> _Input material_:

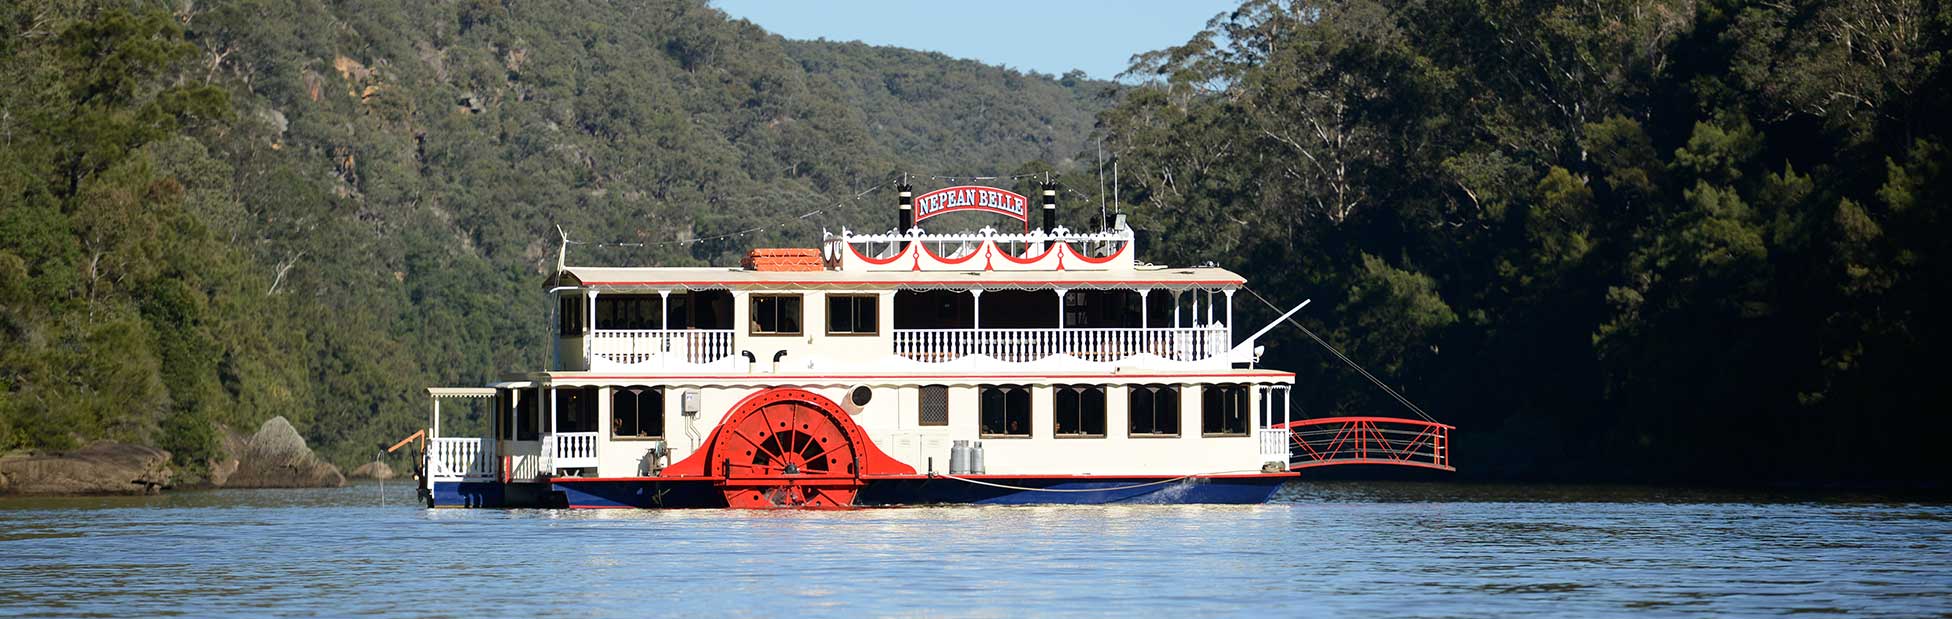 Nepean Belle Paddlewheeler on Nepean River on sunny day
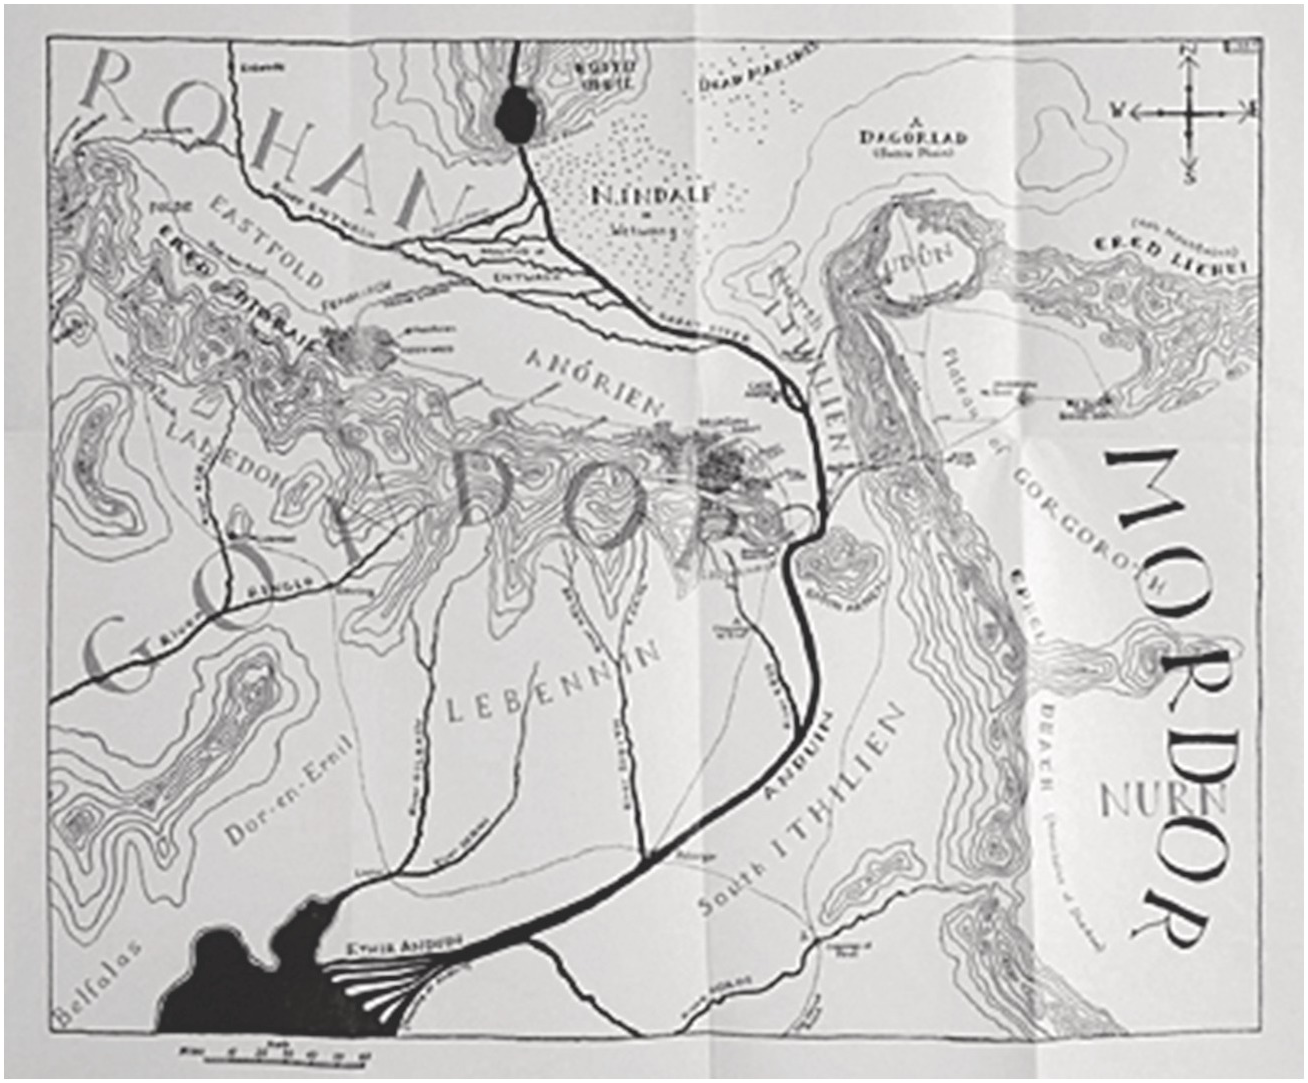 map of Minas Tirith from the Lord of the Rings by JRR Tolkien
* * *
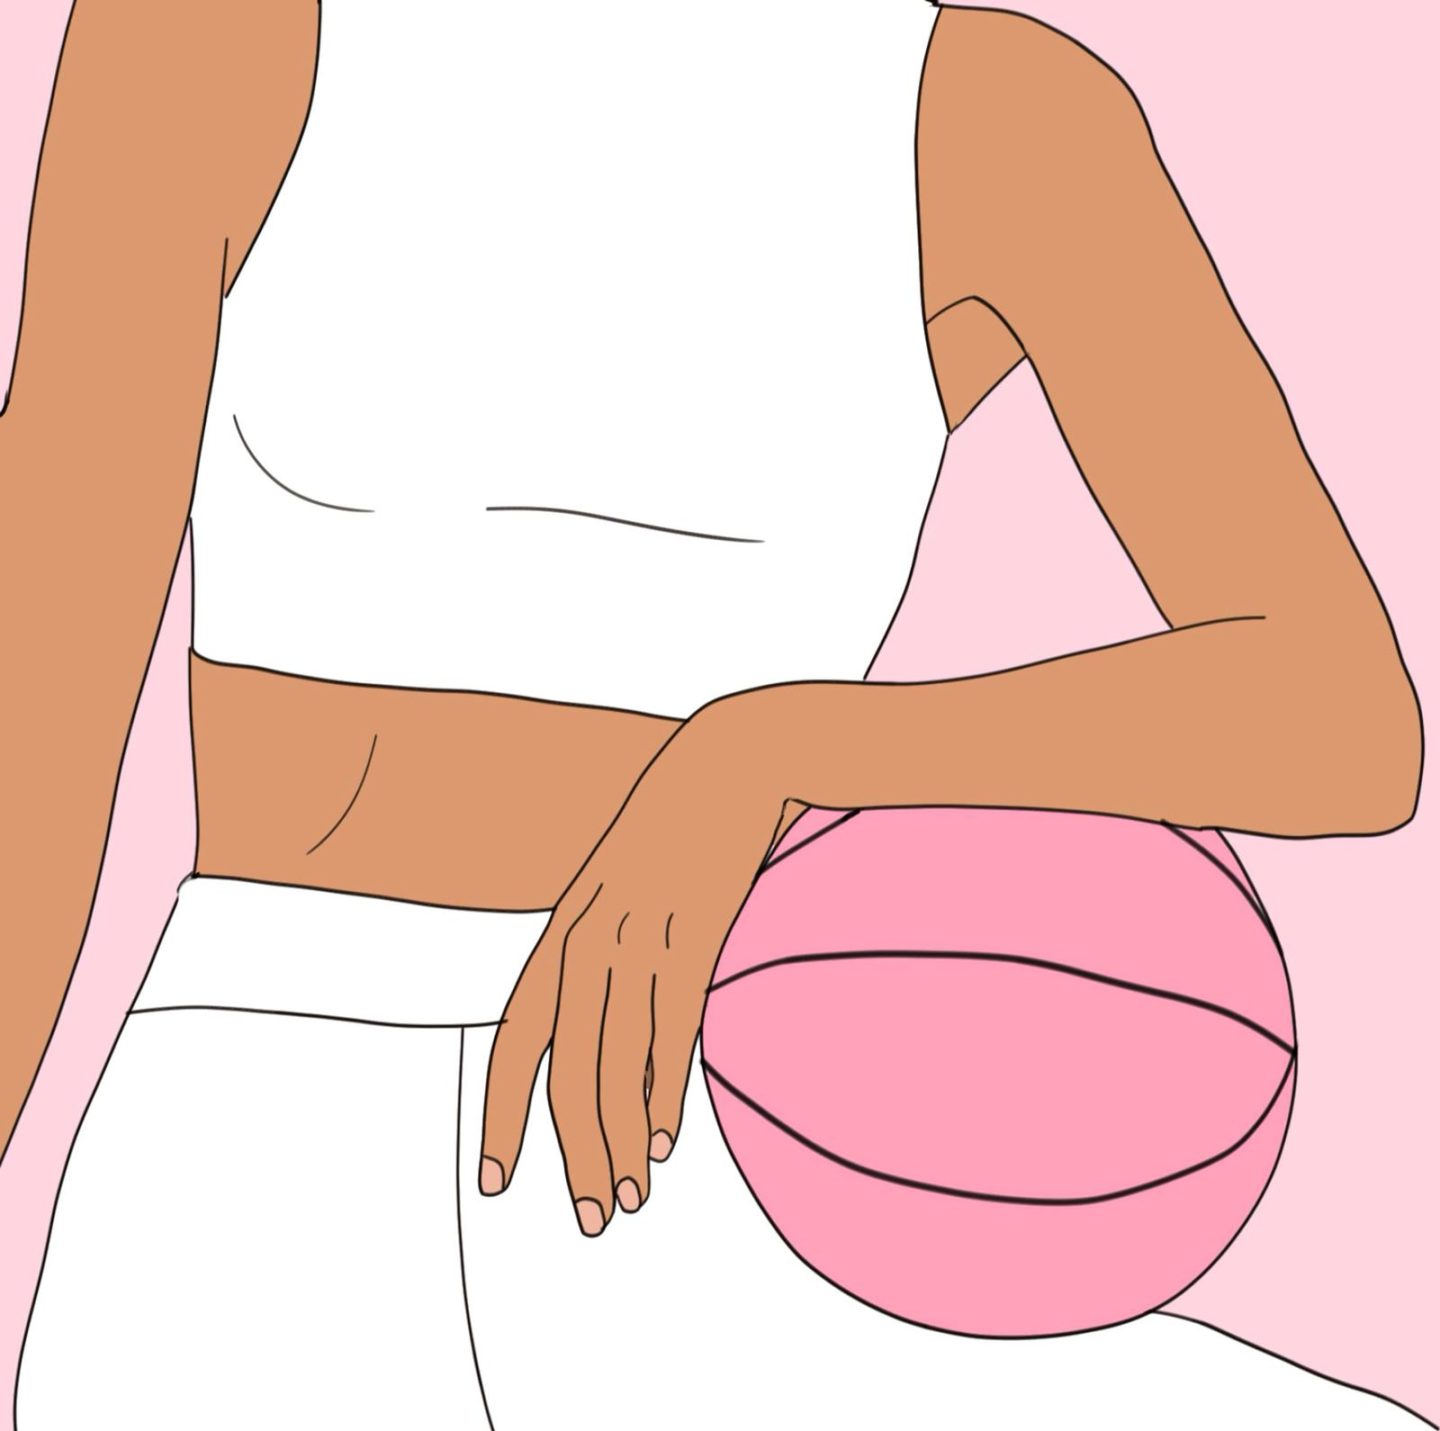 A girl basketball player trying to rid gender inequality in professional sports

> _What this task involves_:
Please repeat, exactly as written, the lines in the records above, starting with the one that has "Nepean Belle Paddlewheeler" and going on through the one that has "map of Minas". Pictures are to be left out.

> _Reply to the exercise_:
 Nepean Belle Paddlewheeler on Nepean River on sunny day
 map of Minas Tirith from the Lord of the Rings by JRR Tolkien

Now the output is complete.